Wenn es nicht nur um eine Tasse Tee geht, sondern um die Aufnahme von Präparaten aus der Pflanze in den Behandlungsplan einer bestimmten Krankheit, konsultieren Sie unbedingt Ihren Hausarzt oder behandelnden Arzt.
Tee aus Blütenblättern: sammeln, trocknen, aufbrühen
Und dennoch werden die Blüten des Tschubuschnik häufiger nicht wegen ihrer wohltuenden Eigenschaften aufgebrüht, sondern wegen ihres wiedererkennbaren Aromas, auch wenn es nicht so intensiv und lecker ist wie das von echtem Jasmin.
Es ist besser, die Blütenblätter natürlicher Straucharten oder Sorten mit einfachen Blüten zu sammeln. Die duftendsten sind Awalansch, Wosduschny Desant, Buke Blansch, Junnat. Einen interessanten Duft mit Vanillenoten hat die Sorte Schemtschug. Die gefüllten Hybriden duften dagegen fast gar nicht.
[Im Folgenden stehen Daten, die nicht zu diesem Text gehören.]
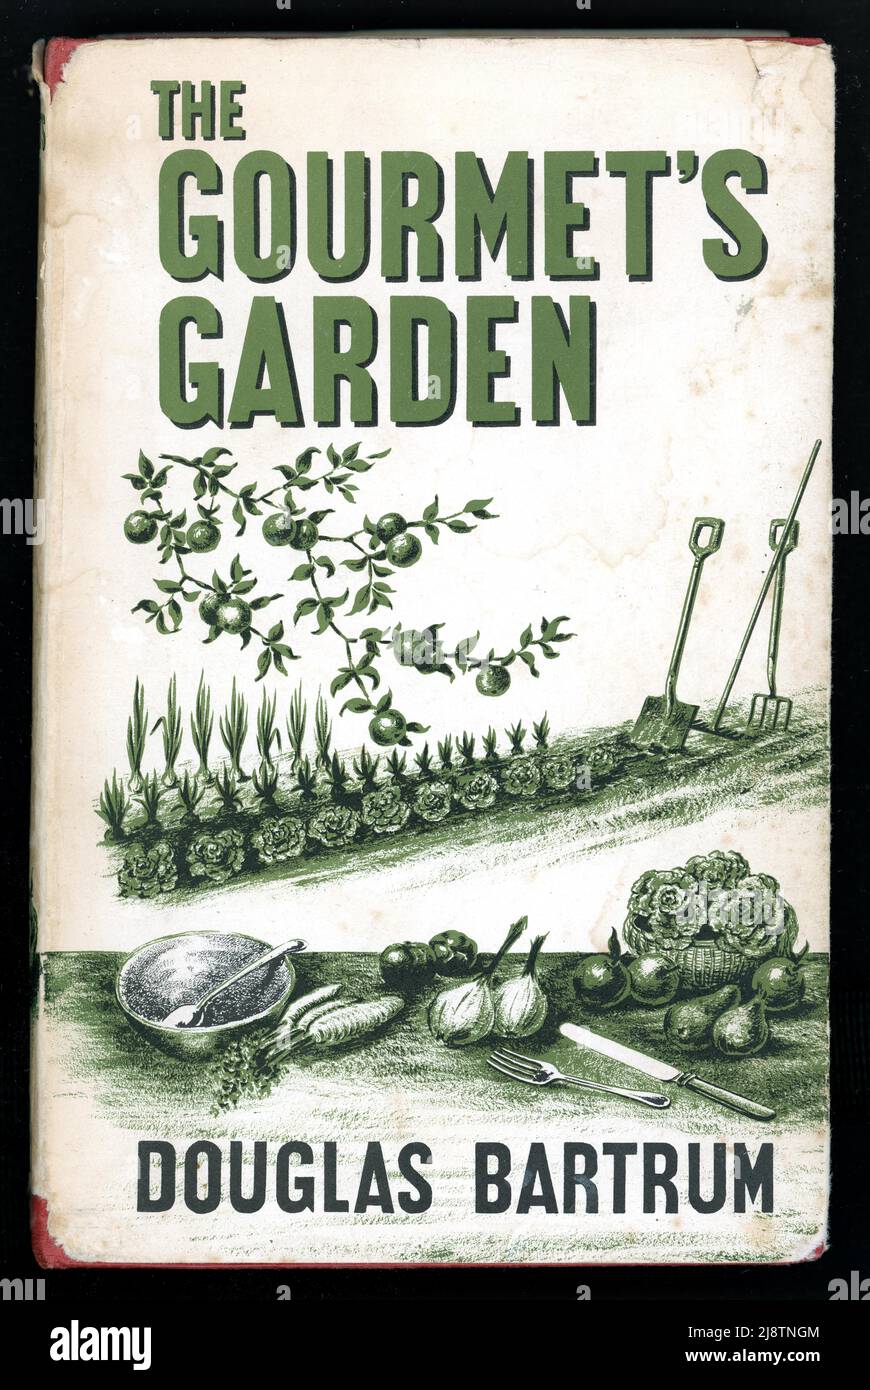 Original copy of The Gourmet's Garden by Douglas Bartram, Illustrated by Richard Shirley Smitth, published by the Garden Book Club Edition,1964, London, U.K. Stock Photo

Es wird empfohlen, die Blumen in der Halbblütephase zu pflücken. Dies sollte morgens erfolgen, wenn der Tau abgetrocknet ist, oder gegen Abend.
Die geernteten Blüten werden im Schatten getrocknet – auf der Veranda, Terrasse oder sogar im Zimmer. Die Blütenblätter sind dünn und zart, sie trocknen schnell, man muss sie nur gelegentlich wenden.
Bewahren Sie den Blütenaufguss nicht wie andere Heilkräuter in Leinensäckchen auf. Am besten eignet sich dafür ein Glas- oder Metallbehälter mit dicht schließendem Deckel. So bleiben die duftenden ätherischen Öle maximal erhalten.
Man kann auch ein reines Blütengetränk aufbrühen. Häufiger werden die Blütenblätter jedoch dem normalen schwarzen oder grünen Tee hinzugefügt – man nimmt etwa ein Drittel der gesamten Teemenge.
Mit grünem Tee wird der Jasmin vermischt und zusammen aufgebrüht. Sowohl die grünen Teeblätter als auch die Blütenblätter entfalten ihr Geschmacks- und Aromabouquet am besten bei einer Temperatur von nicht mehr als 95 °C. Der Aufguss zieht 3–5 Minuten.
Schwarzen Tee hingegen sollte man mit kochendem Wasser übergießen und die Blüten erst 1–2 Minuten später hinzufügen, damit sie ihr zauberhaftes Aroma entfalten, aber dennoch ihre wertvollen Inhaltsstoffe bewahren können.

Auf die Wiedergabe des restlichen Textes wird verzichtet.